En mis primeros minutos del año nuevo de 1959 en la vereda de la esquina de Pantaleón Artigas e Ipiranga (en el barrio de Aires Puros) quedé asombrado al mirar para un cielo que semejaba una efímera cúpula en la que los dibujos de hermosos colores eran de fuego y pólvora. Durante un cuarto de hora el ruido y el humo de las bombas me hicieron sentir como si estuviese en medio de un fogón del que formaba parte. Hay que subrayar que allí el verano es muy caluroso pero yo tenía “championes” (el calzado deportivo era así denominado por la influencia de la marca estadounidense “Champion”) y también una “remera” (“Polo”) que me permitía una libertad de moviminto que no tenía en mi aldea de Tines ya que, casi siempre, iba con más ropa.

Casi puedo asegurar, aunque ya pasaron unos años, que el Día de Reyes firmé mi incorporación sin condiciones a aquel espacio llamado Montevideo. No sabía que vivía en un nuevo “país” y tarde tiempo en entender que residía en la República Oriental del Uruguay pero estaba enteramente satisfecho con el cambio. Aquí juego toda la tarde debajo de unos árboles llamados paraísos sin tener que preocuparme de embarrar los zuecos. No se la cantidad de metros recorridos el seis de enero en mi coche rojo con rayas horizontales blancas, pintadas a ambos lados de la parte delantera. La calle Pantaleón Artigas tenía una pequeña bajada en dirección a Propios (Bvar. José Batlle y Ordóñez) que venía muy bien para mis pedaleadas. Aquel coche era maravilloso y también la pista de circulación. Este vehículo superaba en mucho al triciclo que me hiciera mi padre antes de embarcar y con el que chocaba en las piedras del camino que pasaba por delante de mi casa.

Fue en este mes de enero cuando descubrí que en Montevideo hablaban un poco diferente. Eran muchas las palabras que no entendía. Había recibido unas pocas clases intensivas de la hija de Ramón de Castromil (Merceditas) que sabía mucho de escribir, dibujar, pintar y de José Artigas.

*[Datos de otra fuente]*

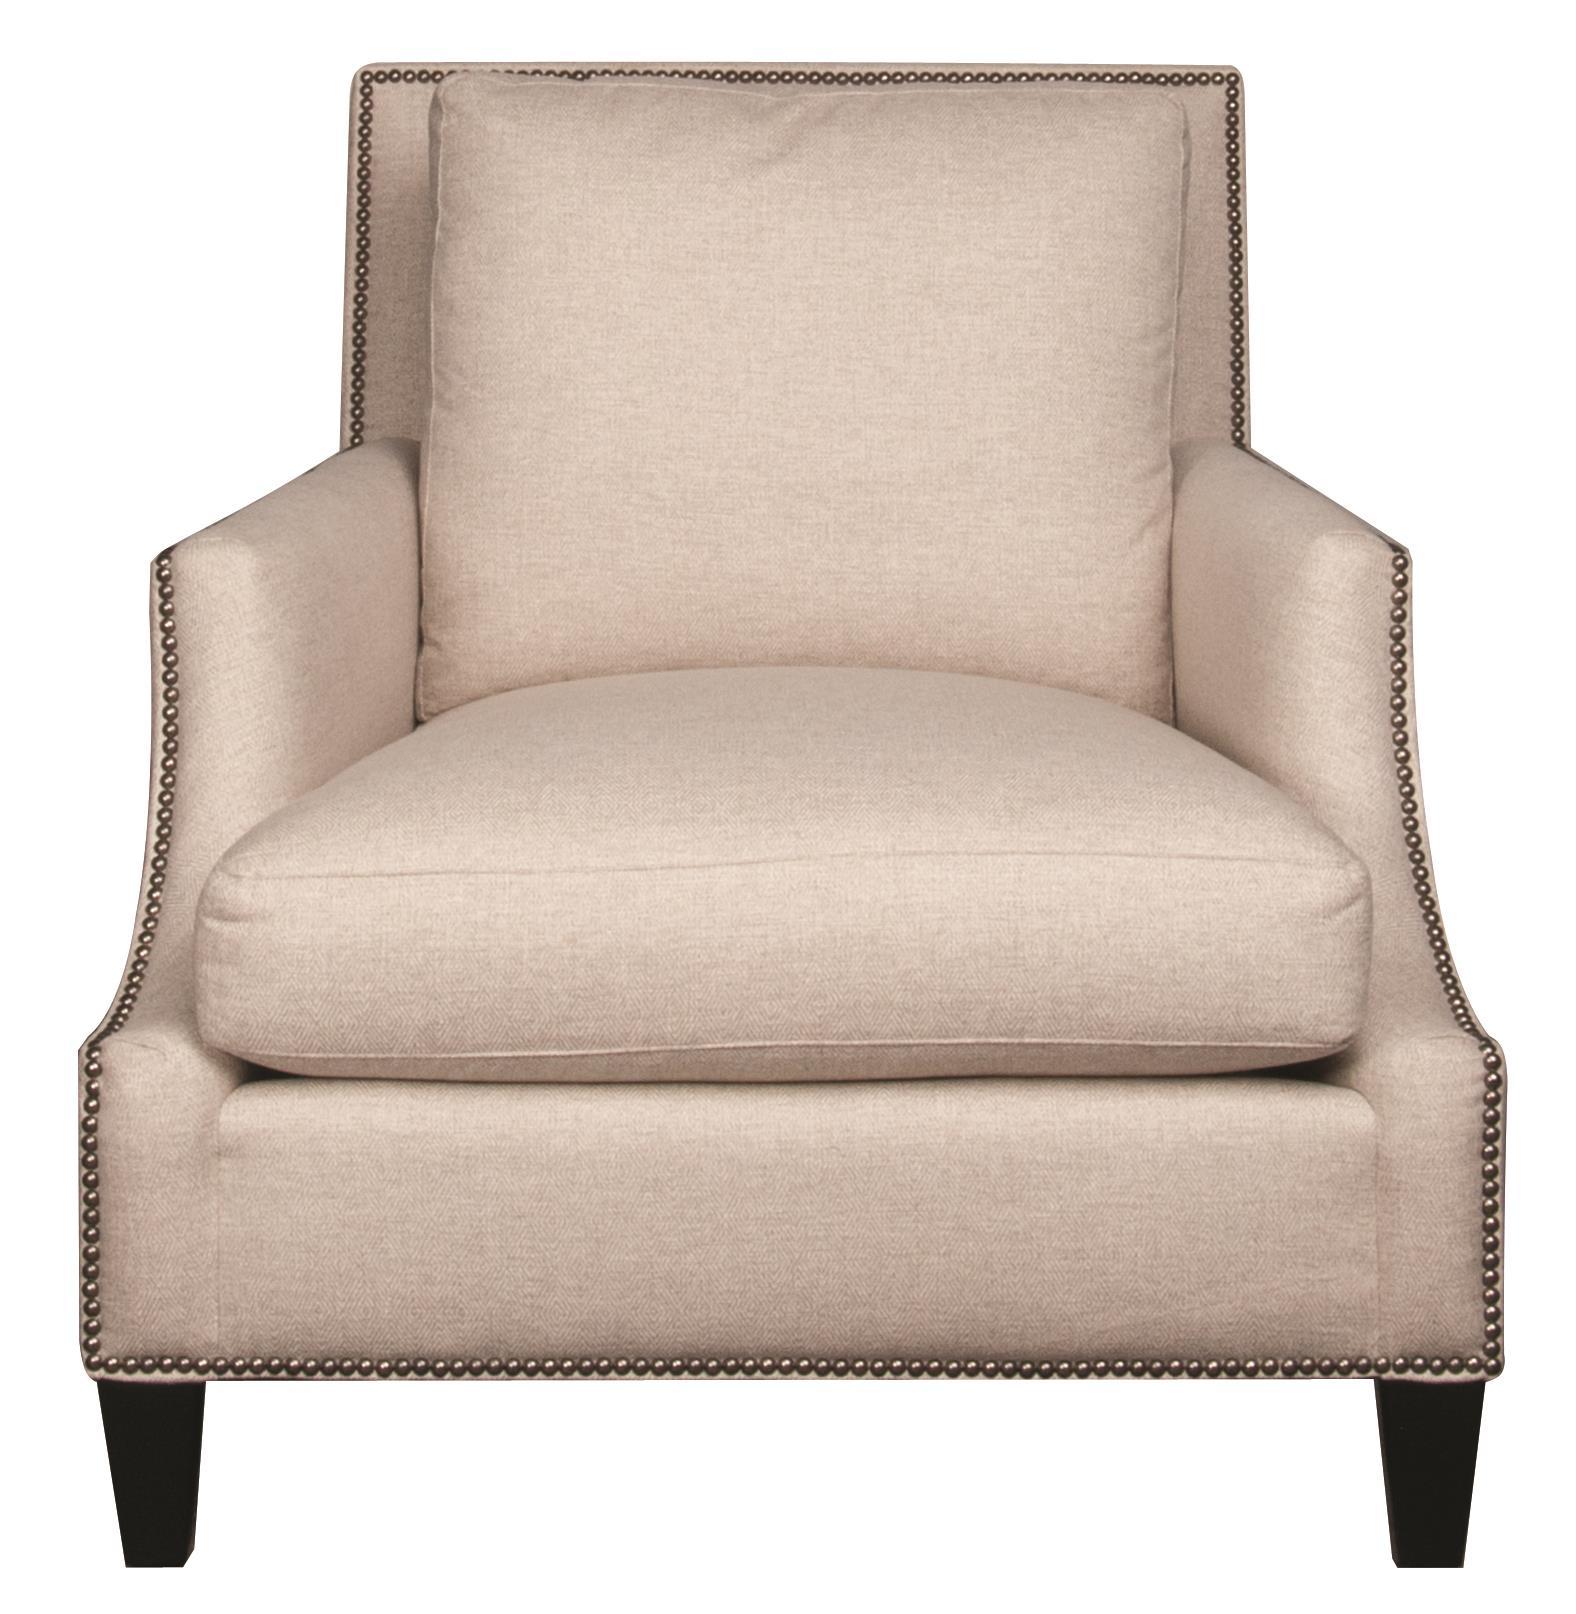 bernhardt sofa price list green chesterfield fabric crawford thesofa
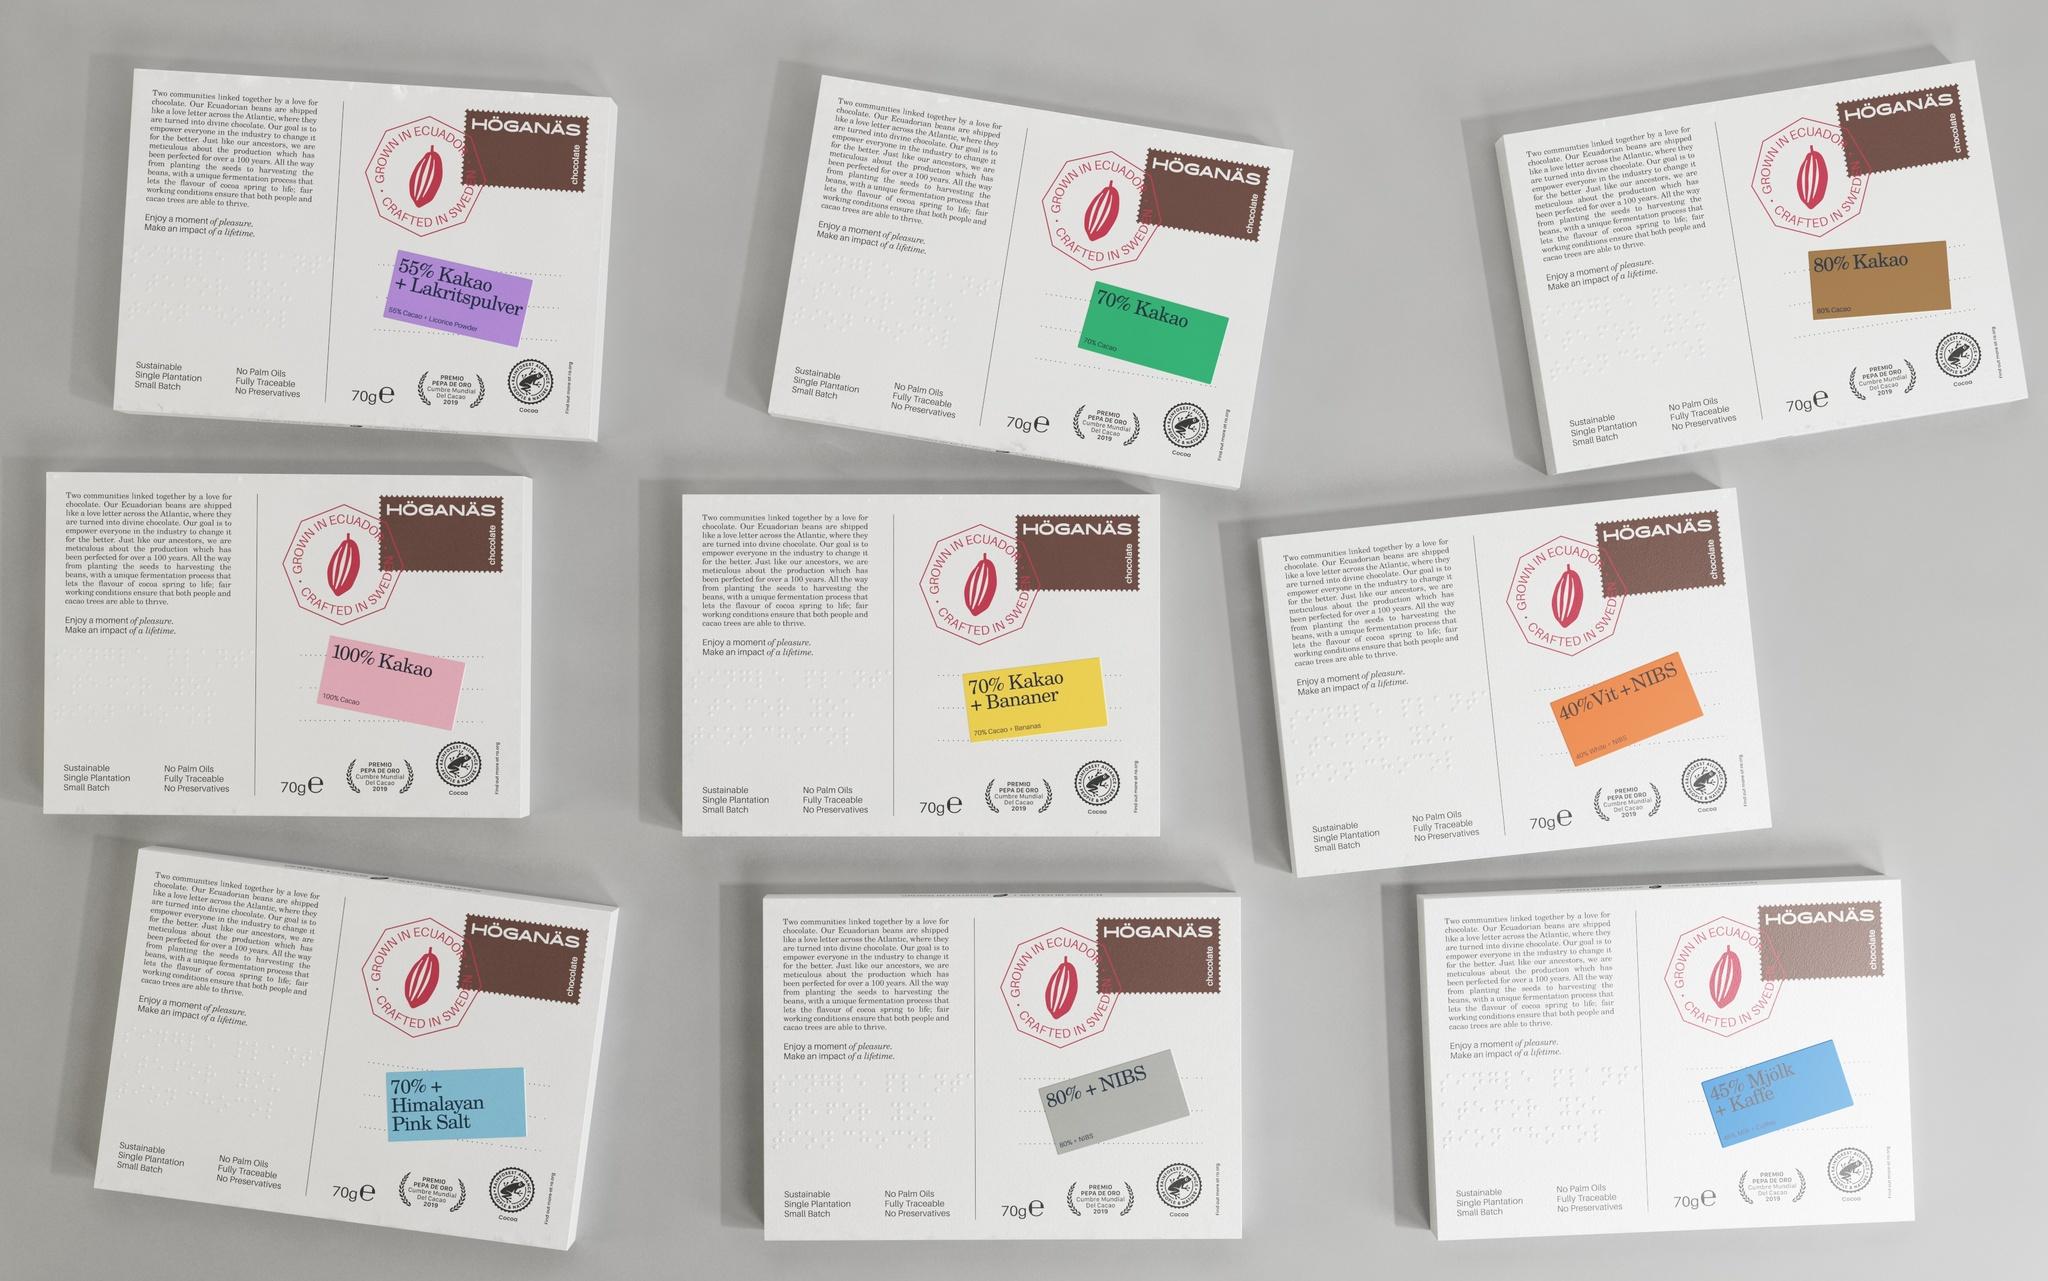 80% Kakao Höganäs Chocolate Kakor 70g

Una tarde en la que estaba jugando con Josengo (un niño de mi edad que vivía en mi edificio de apartamentos) haciendo varios pocitos debajo del paraíso para enterrar a los coquitos que caían; veo que por la calle pasa un caballo que va tirando de un carro repleto de latas y vidrios. La vista del caballo me emociona. Era el primero que veía desde que dejara la aldea y supongo que me recordaba al de mis abuelos. Entonces, lo señalo y le digo a Josengo con expresión de alegre sorpresa: ¡Un cabalo! Mi compañero me escucha y sale corriendo para la entrada de los apartamentos y va gritando: ¡Mamá! ¡Mamá! Manolito dijo cabalo, no sabe decir cabayo. Quedé muy sorprendido y nunca me olvidaré de aquel día. Quizás fue cuando comprendí la importancia de las palabras en la configuración de una identidad. Aquel cabayo me hizo entender que yo venía del otro lado del mar.